Implementing the Apache Spark Connector for Riak
Modeled using principles from the “AWS Dynamo” paper, Riak KV buckets are good for scenarios which require frequent, small data-sized operations in near real-time, especially workloads with reads, writes, and updates — something which might cause data corruption in some distributed databases or bring them to “crawl” under bigger workloads. In Riak, each data item is replicated on several nodes, which allows the database to process a huge number of operations with very low latency while having unique anti-corruption and conflict-resolution mechanisms. However, integration with Apache Spark requires a very different mode of operation — extracting large amounts of data in bulk, so that Spark can do its “magic” in memory over the whole data set. One approach to solve this challenge is to create a myriad of Spark workers, each asking for several data items. This approach works well with Riak, but it creates unacceptable overhead on the Spark side.

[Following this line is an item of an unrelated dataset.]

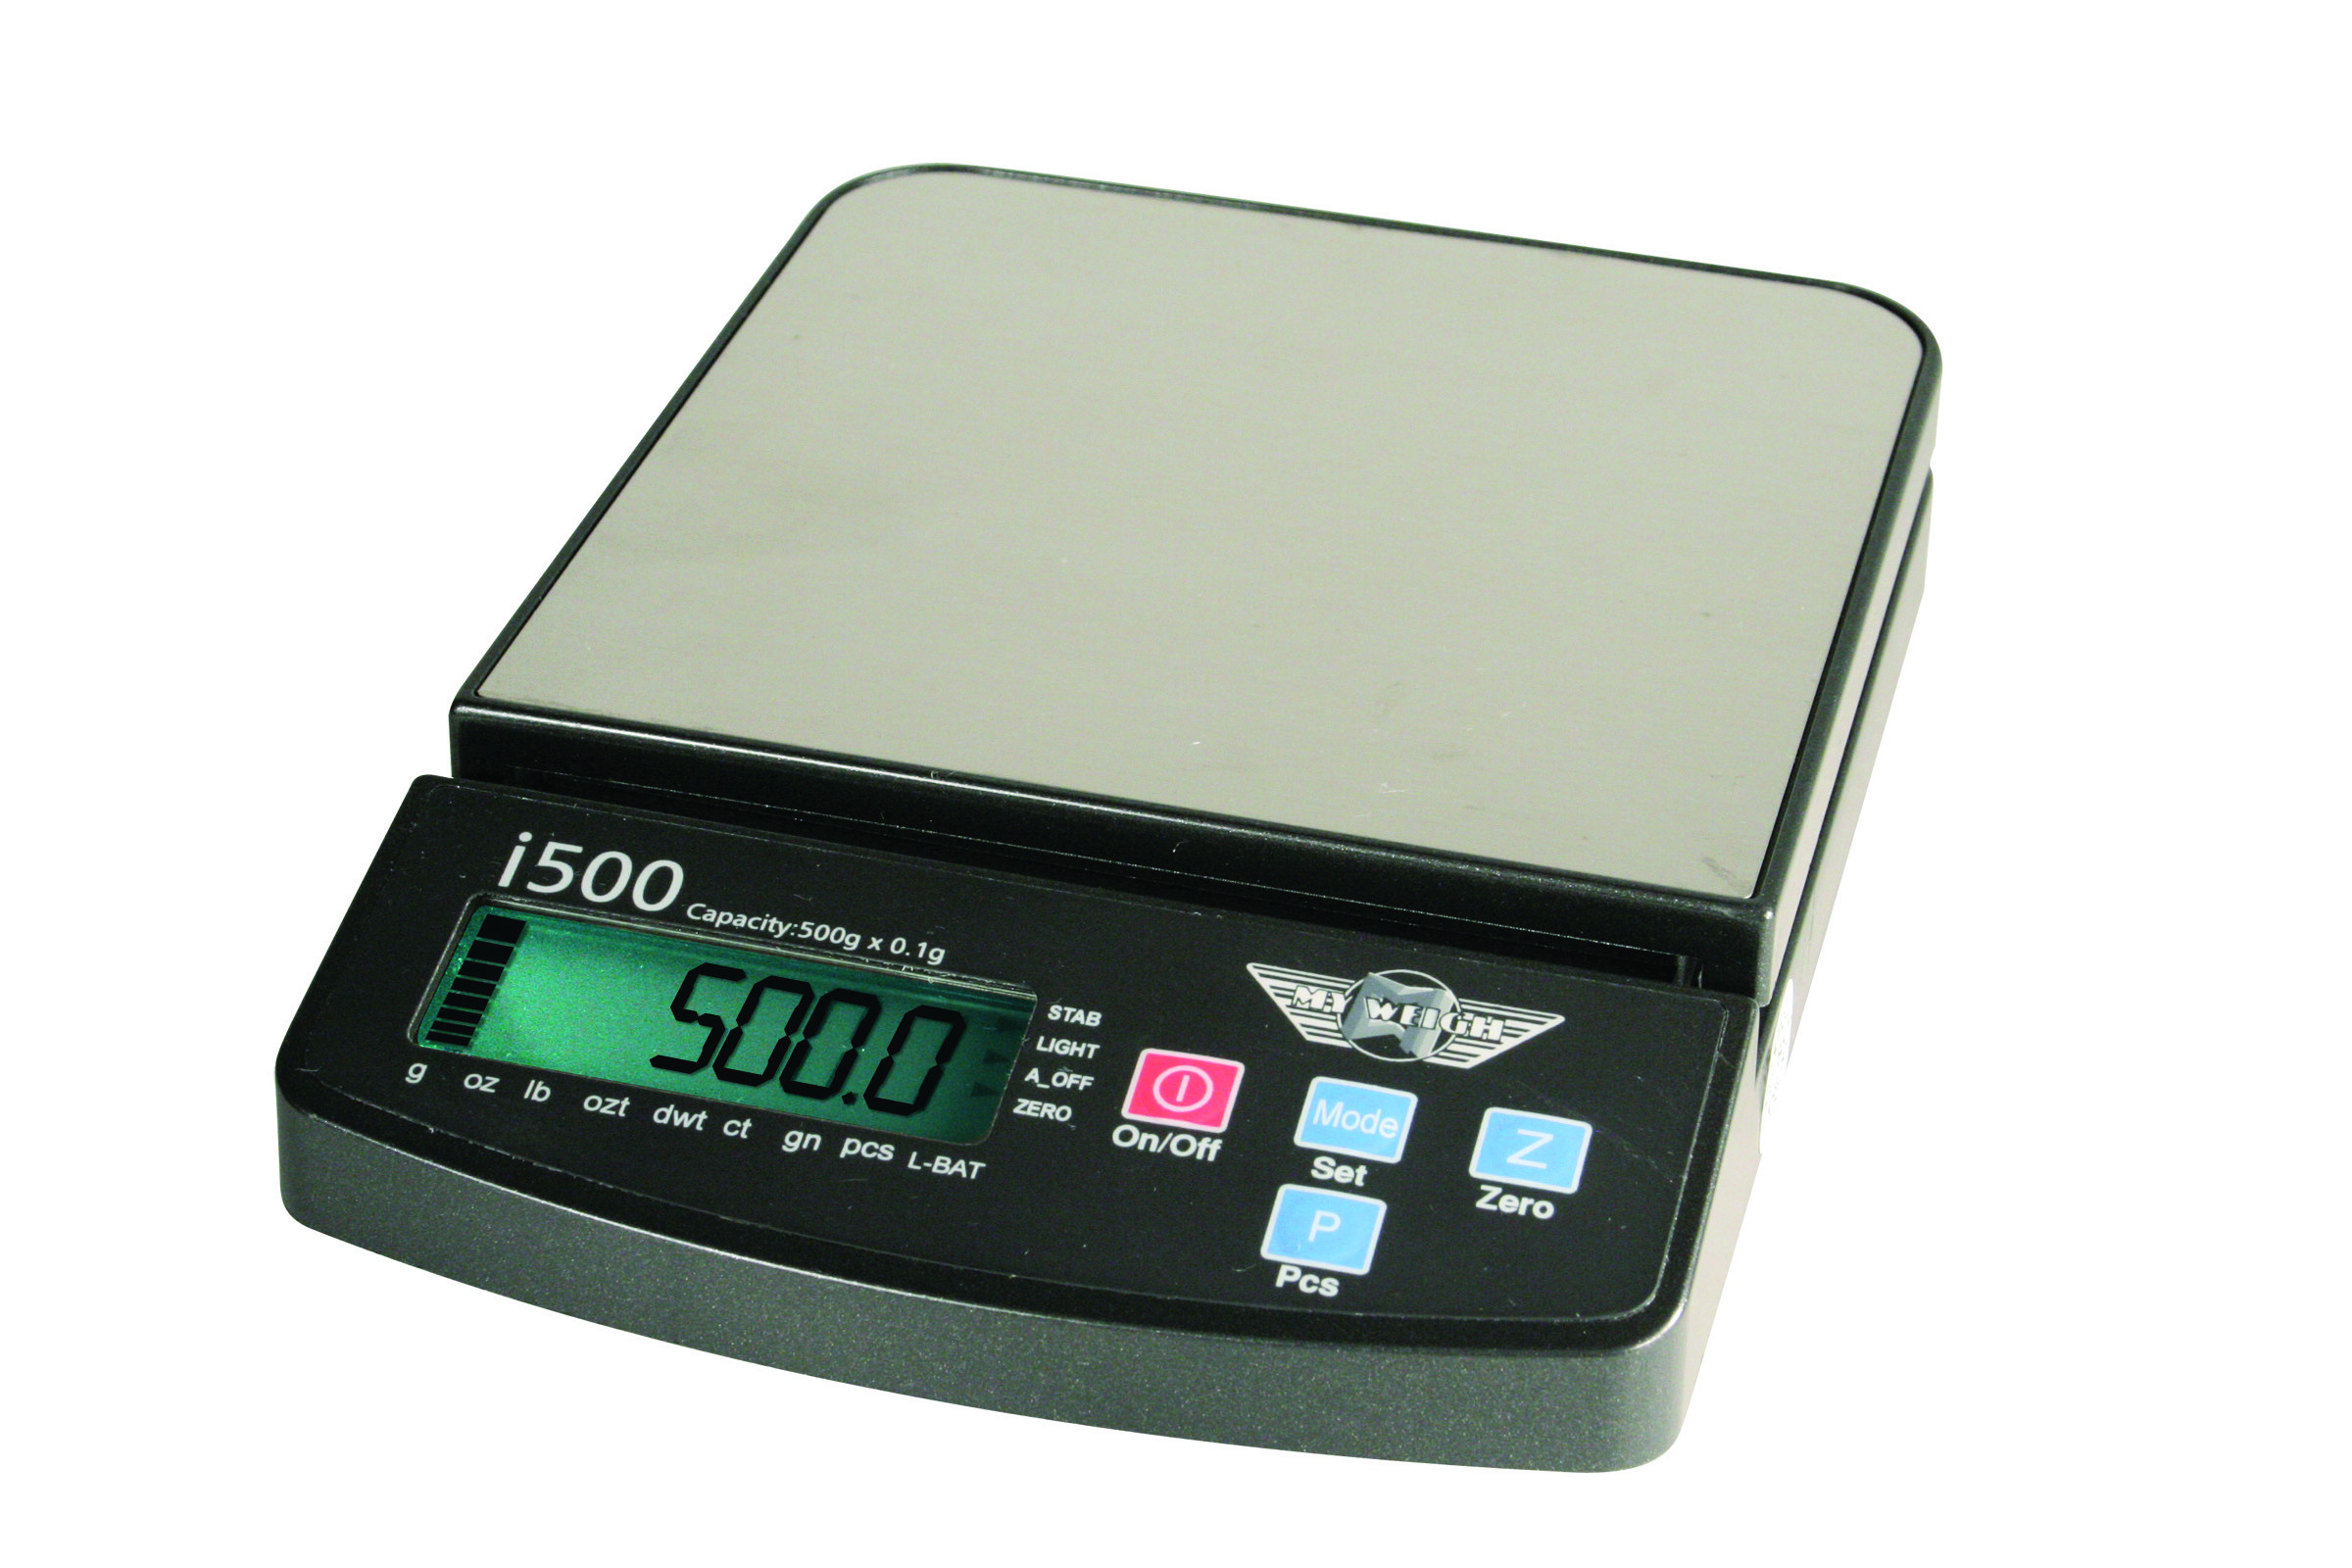 My Weigh iBalance 500 Vejeplade (145 x 145 mm) (500 gr. x 0.1 gr.)

Another option is using Riak’s built-in secondary index query (2i). In this approach, the user’s application contacts any Riak node with a query, then this Riak node, becoming a “coordinating node”, queries all other relevant Riak nodes, collects required keys and streams it back to the user application. Then the user app will loop over the keys to retrieve the values. Alas, it was found that queries with a bigger result set could possibly overload the coordinating node. Again, not a good result, so we had to teach Riak new tricks.
The solution was found in enhancing the 2i query with a smart Coverage Plan and Parallel Extract APIs. In the new approach, the user application contacts the coordinating node, but this time instead of doing all the work, this node returns the locations of the data using cluster replication and availability information. Then “N” Spark workers open “N” parallel connections to different nodes, which allow the application to retrieve the desired dataset “N” times faster, without generating “hot spots”. To make it even faster, we implemented a special type of bulk query, called a “full bucket read”, which extracts the whole logical bucket without the need for a query condition. Also, it returns both keys and values, saving another round-trip to the server.
The strength of a Riak KV bucket is its ability to store unstructured data in a schema-less architecture with the “values” being opaque. But for many Spark use cases, data must be mapped into a record with Scala or Java types. Fortunately, many Riak applications use JSON, which allows Spark developers to easily convert it into a Spark DataFrame by providing a user-defined schema. The conversion happens “on the fly” and makes it easier for a Spark programmer to work with the retrieved data.
import sqlContext.implicits._
val sqlContext = new org.apache.spark.sql.SQLContext(sc)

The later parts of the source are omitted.